::: Information supplied :::
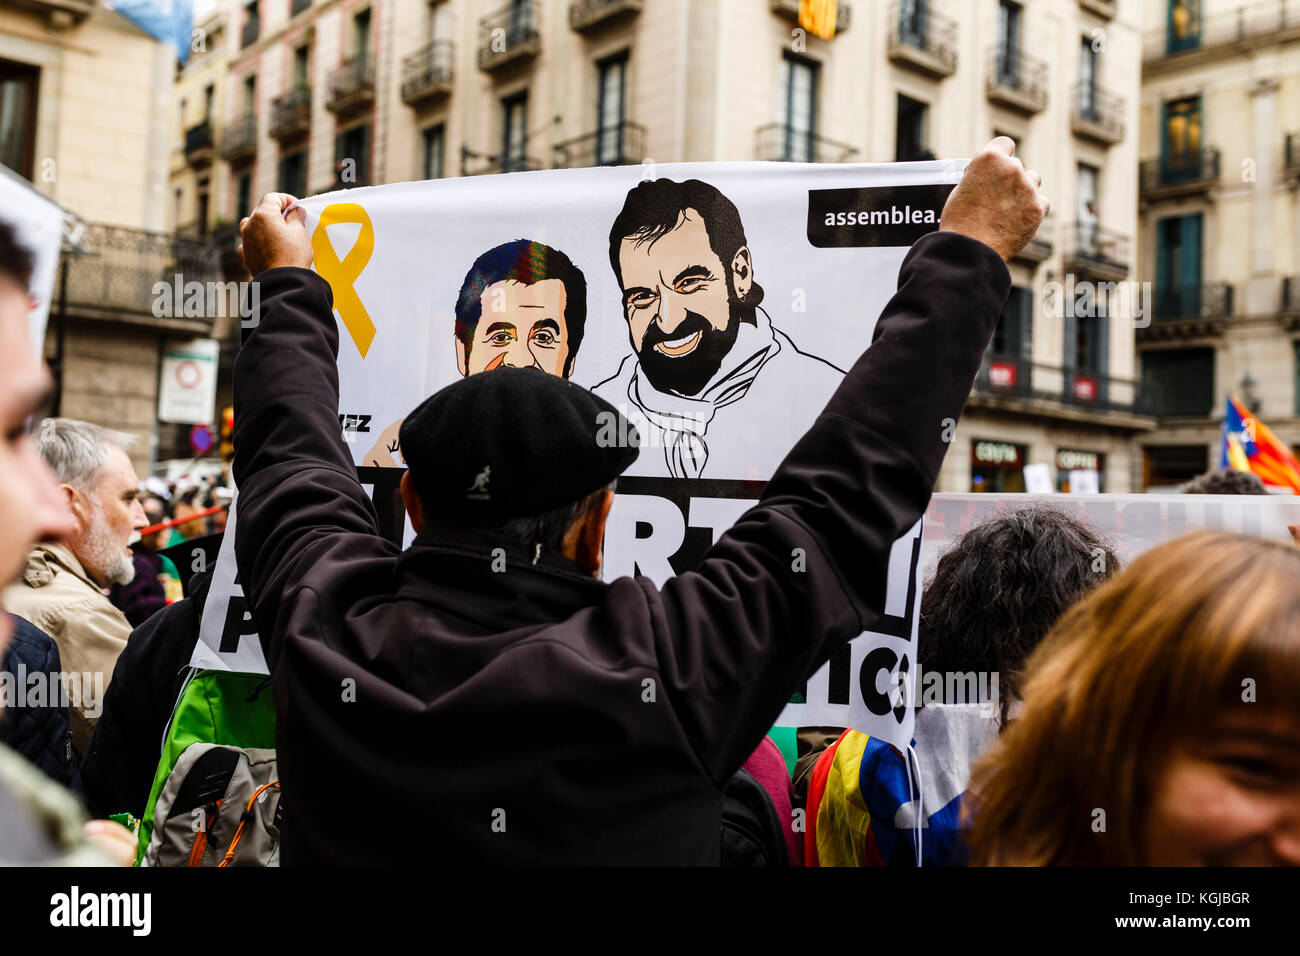 8 de noviembre de 2017 - Barcelona, Barcelona, España - Protesters que piden libertad a los presos políticos durante la concentración en la Plaza de Sant Jaume, Barcelona crédito: Joan Gosa Badia/Alamy Foto de stock
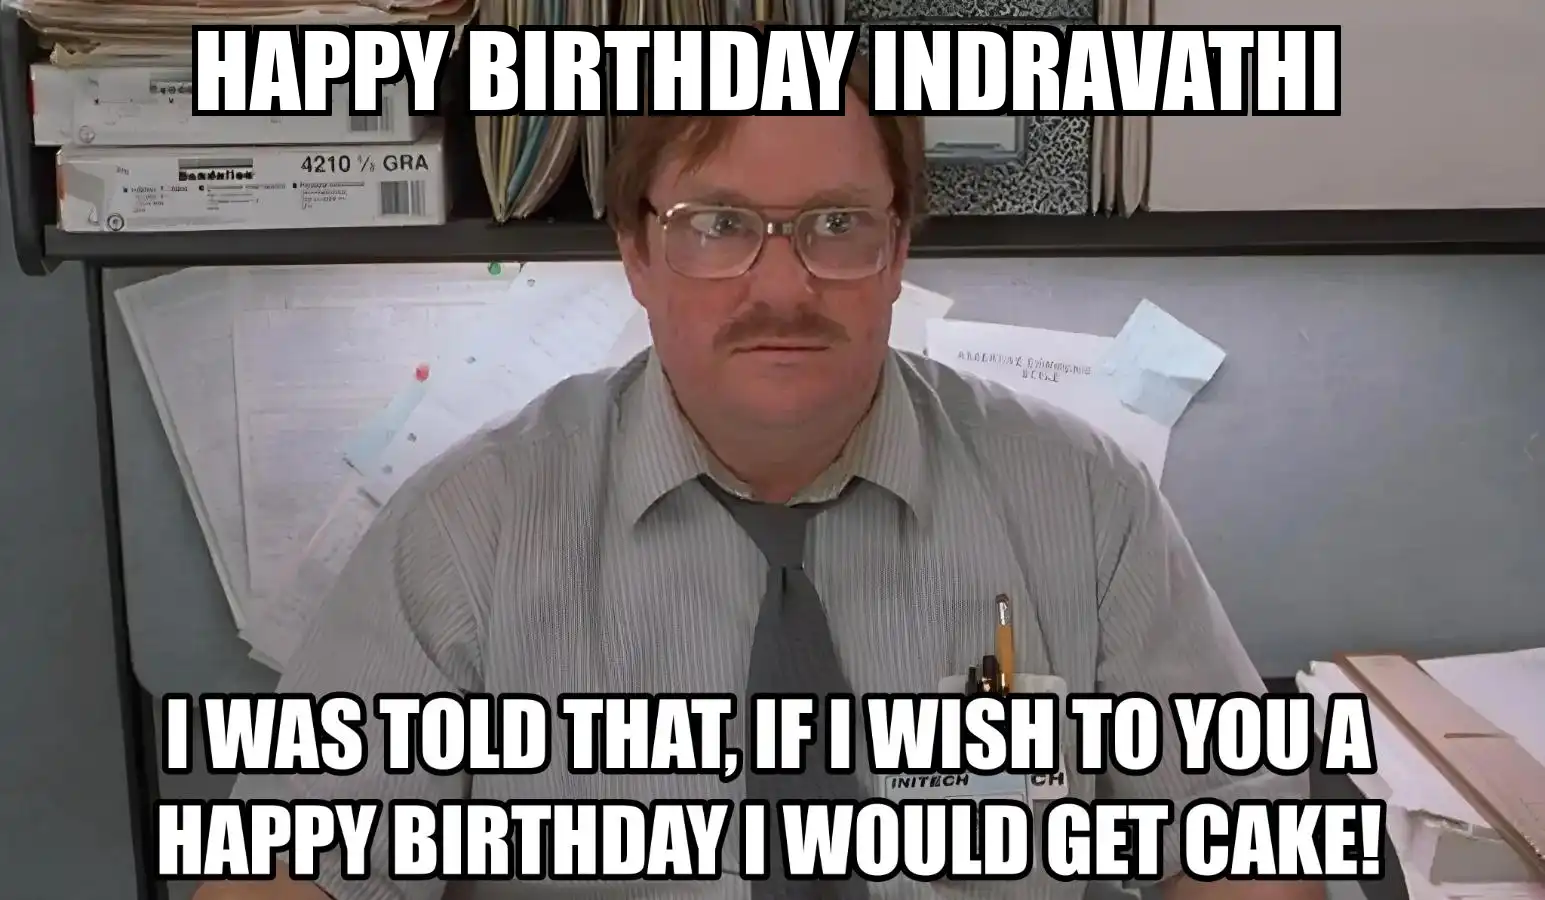 Happy Birthday Indravathi I Would Get A Cake Meme
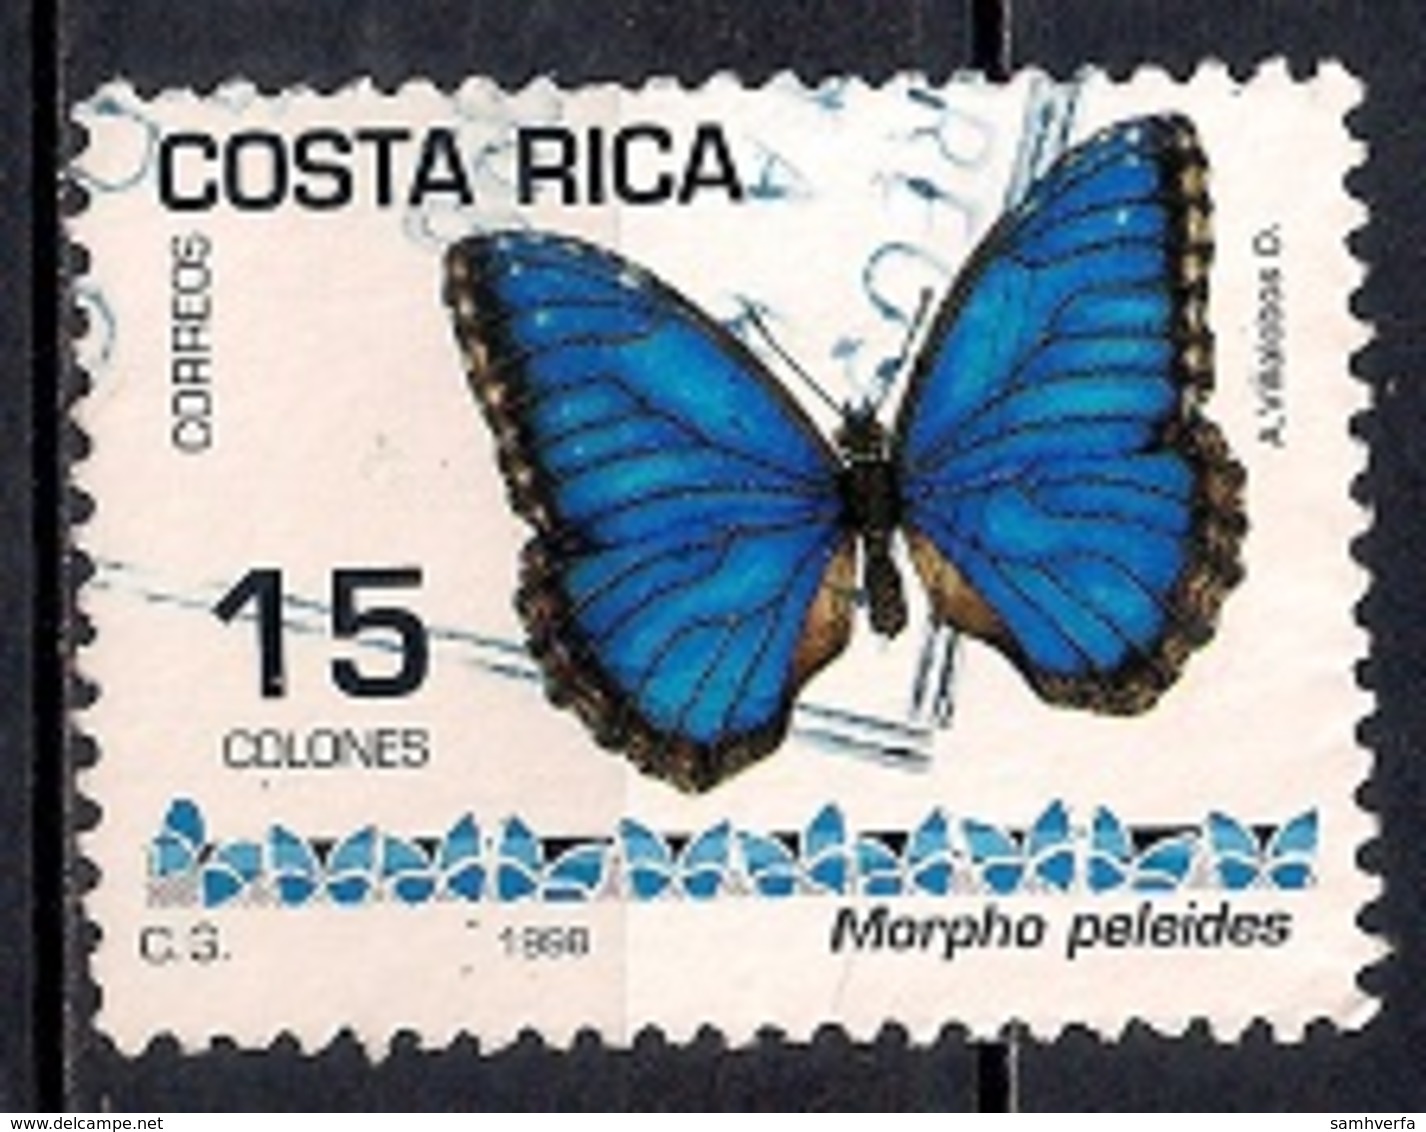 Costa Rica 1998 - Butterflies - Costa Rica
:::
● Task description: Output the material above verbatim but exclude each picture.

● Reply to the exercise:
 8 de noviembre de 2017 - Barcelona, Barcelona, España - Protesters que piden libertad a los presos políticos durante la concentración en la Plaza de Sant Jaume, Barcelona crédito: Joan Gosa Badia/Alamy Foto de stock
 Happy Birthday Indravathi I Would Get A Cake Meme
 Costa Rica 1998 - Butterflies - Costa Rica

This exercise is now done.